Как только Сван очутился за обюссонским ковром и перед его взглядом вместо слуг замелькали фигуры гостей, к нему мгновенно вернулось ощущение мужской некрасивости. Но даже эти некрасивые и такие знакомые лица показались Свану новыми: прежде их черты служили приметами, а приметы всегда могли ему пригодиться, чтобы узнать человека, являвшегося для него средоточием удовольствий, которые его манили, неприятностей, которых надо было избегнуть, любезностей, которые необходимо было оказать, а теперь эти лица уже не волновали его: их черты сохраняли свою автономию и возбуждали чисто эстетическое его любопытство. Даже монокли у многих из тех, которые окружали сейчас Свана (в былое время ношение монокля указывало бы Свану только на то, что этот человек носит монокль, и ни на что больше), уже не обозначали для него определенной привычки, у всех одинаковой, – теперь они каждому придавали нечто своеобразное.

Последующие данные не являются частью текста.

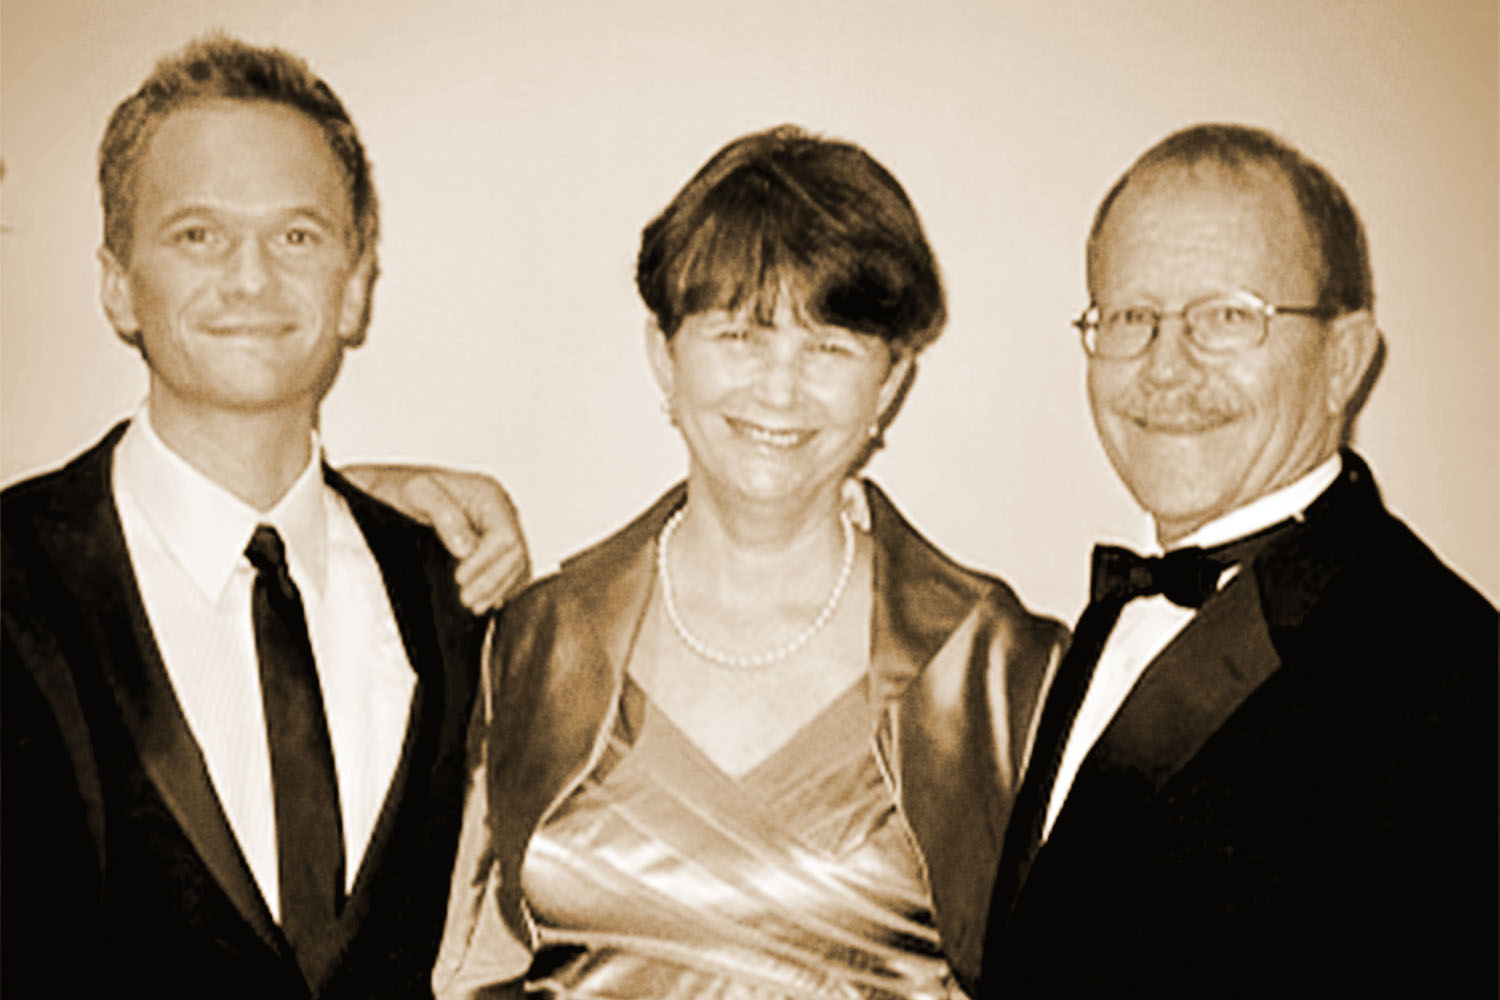 Neil Patrick Harris and his parents

Быть может, оттого, что Сван рассматривал сейчас генерала де Фробервиля и маркиза де Бреоте, разговаривавших у входа, только как фигуры на картине, хотя они в течение долгого времени были его приятелями, людьми, для него полезными, рекомендовавшими его в Джокей-клоб, его секундантами, монокль, торчавший между век генерала, точно осколок снаряда, вонзившийся в его пошлое, покрытое шрамами, самодовольное лицо и превращавший его в одноглазого циклопа, показался Свану отвратительной раной, которой генерал вправе был гордиться, но которую неприлично было показывать; а к оборотной стороне монокля, который маркиз де Бреоте носил вместо обыкновенных очков только когда выезжал в свет, ради пущей торжественности (так именно поступал и Сван), для каковой цели служили ему еще жемчужно-серого цвета перчатки, шапокляк и белый галстук, приклеен был видневшийся, точно естественнонаучный препарат под микроскопом, бесконечно малый его взгляд, приветливо мерцавший и все время улыбавшийся высоте потолков, праздничности сборища, интересной программе и чудным прохладительным напиткам.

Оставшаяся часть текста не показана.